**What is needed**
From the first line to the last, output the data exactly as it stands, minus its pictures.

**Raw data**

==========

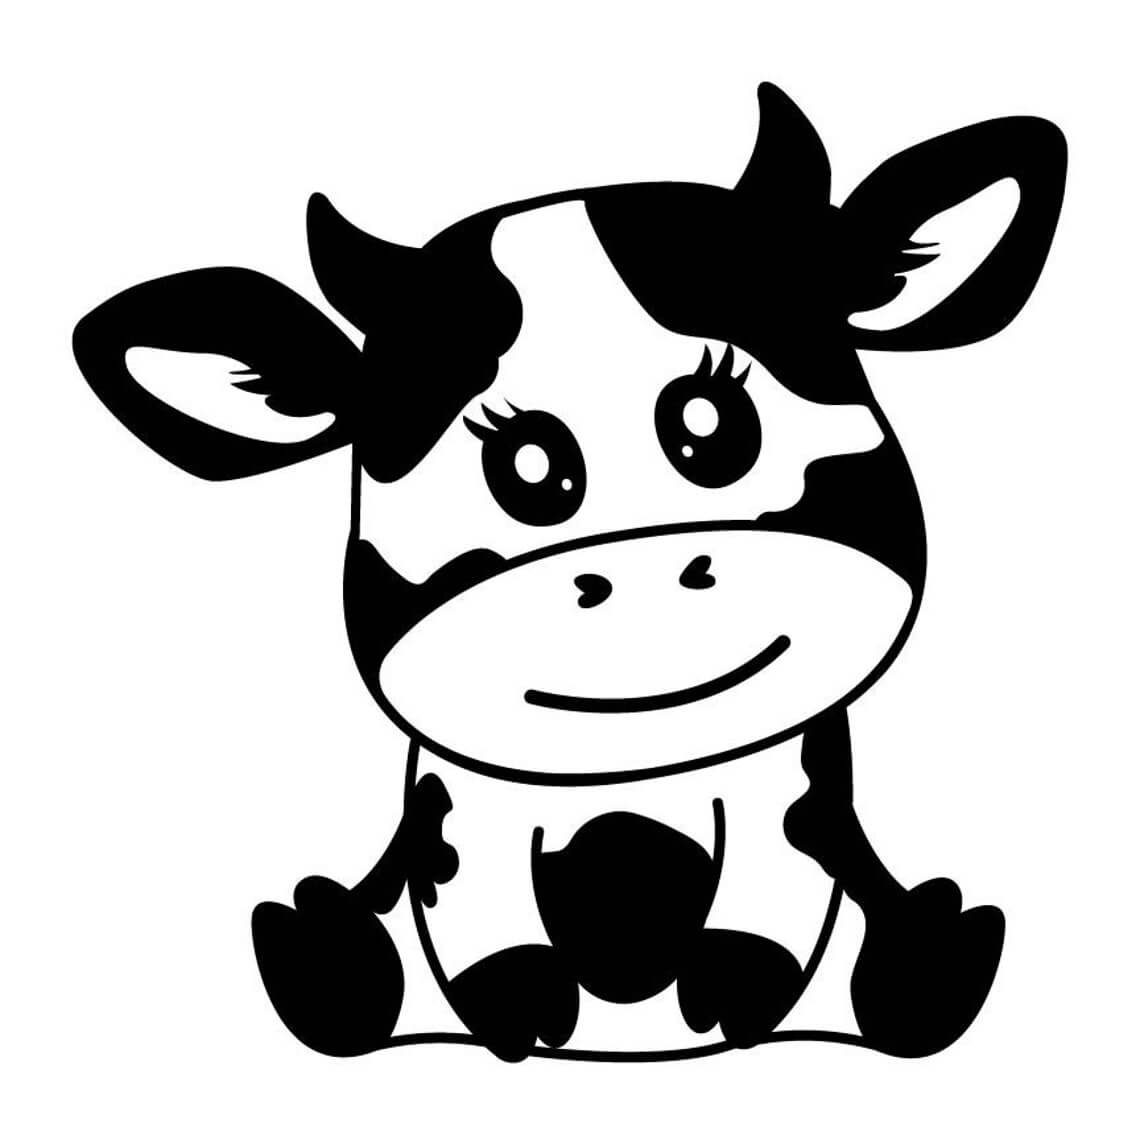 Cute little cow baby picture.
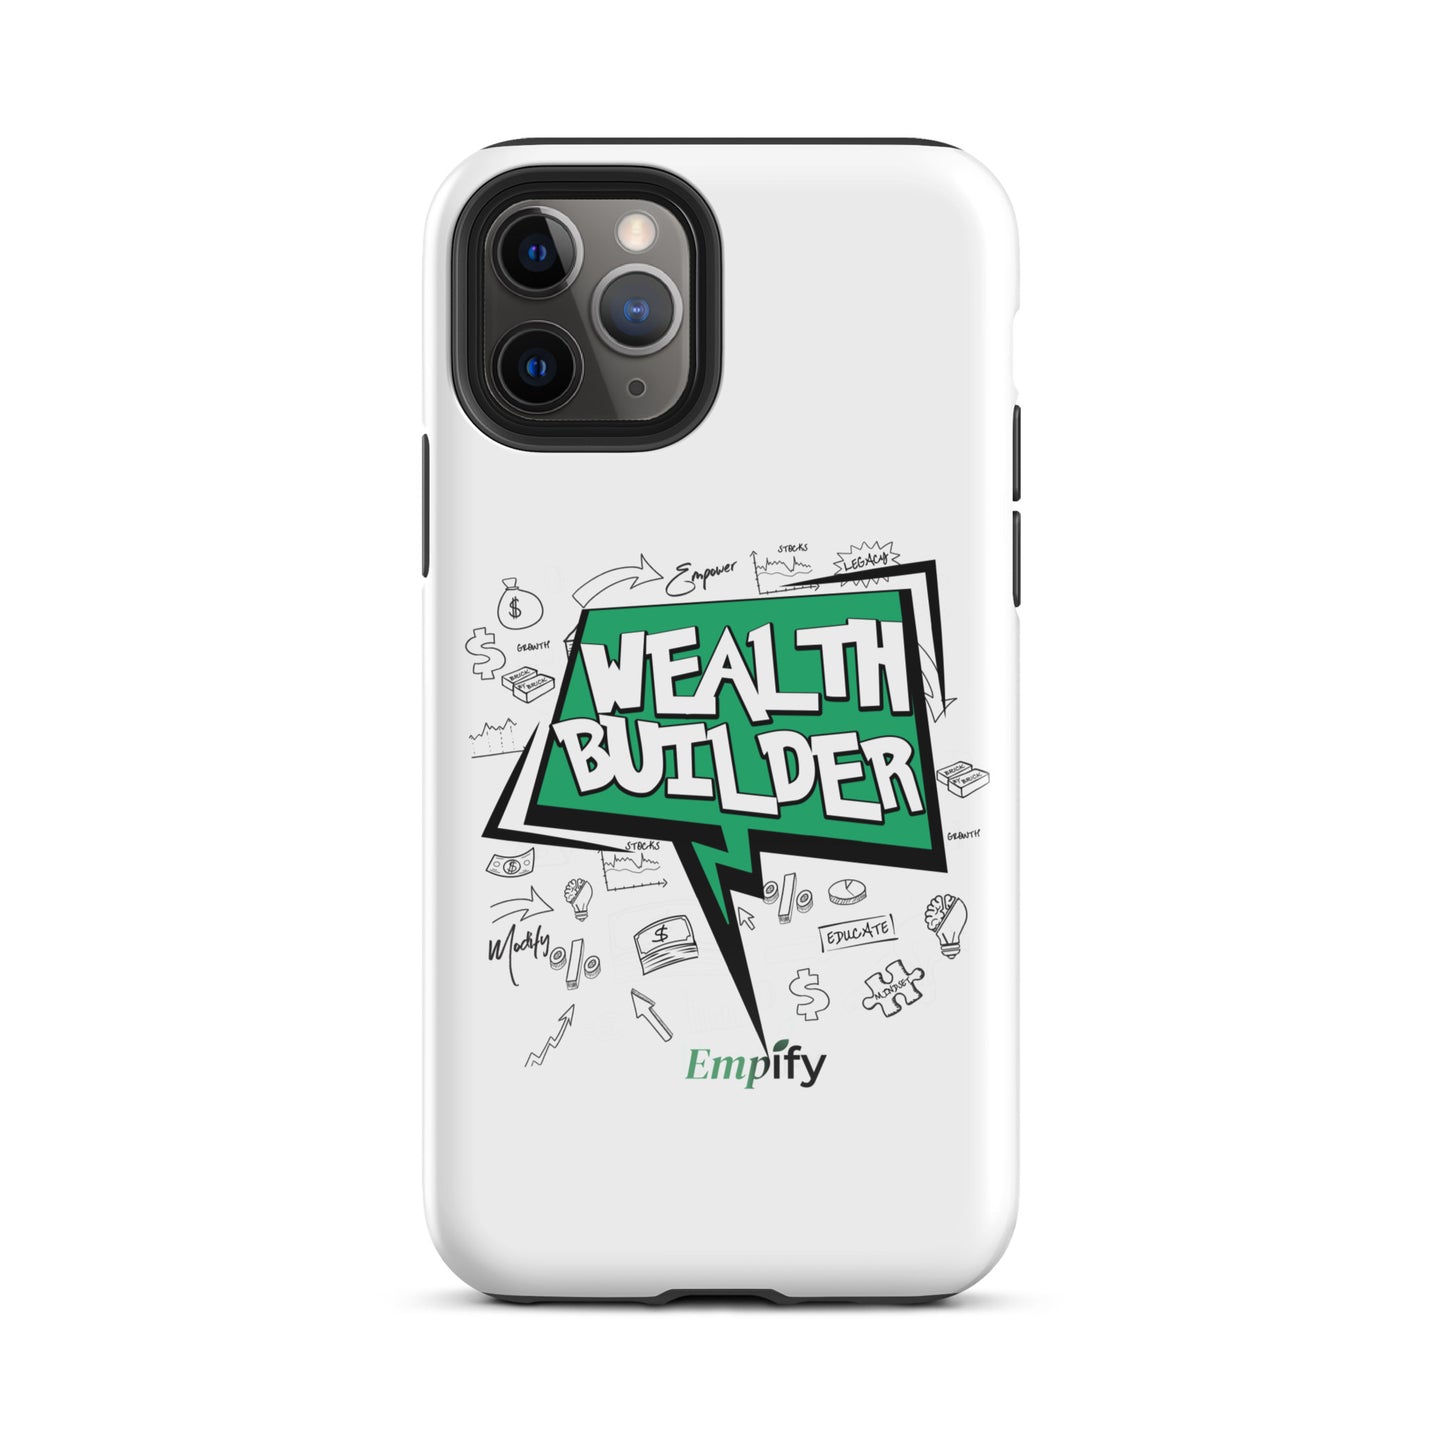 Wealth Builder Tough  Case for iPhone®
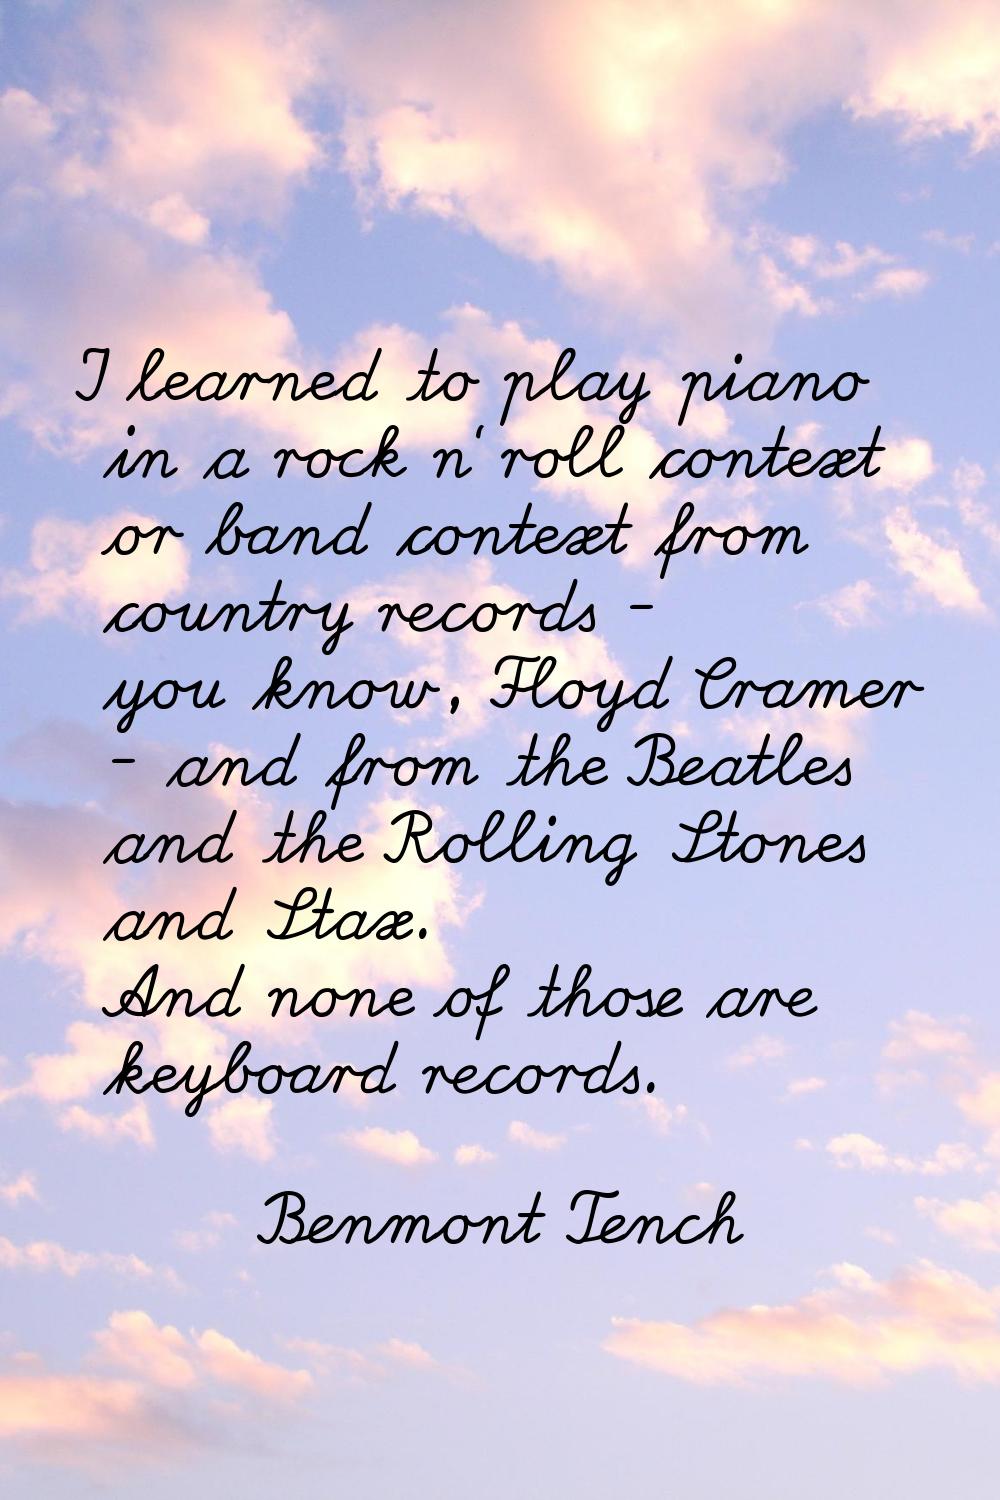 I learned to play piano in a rock n' roll context or band context from country records - you know,

==========

**Answer box**
 Cute little cow baby picture.
 Wealth Builder Tough  Case for iPhone®
 I learned to play piano in a rock n' roll context or band context from country records - you know,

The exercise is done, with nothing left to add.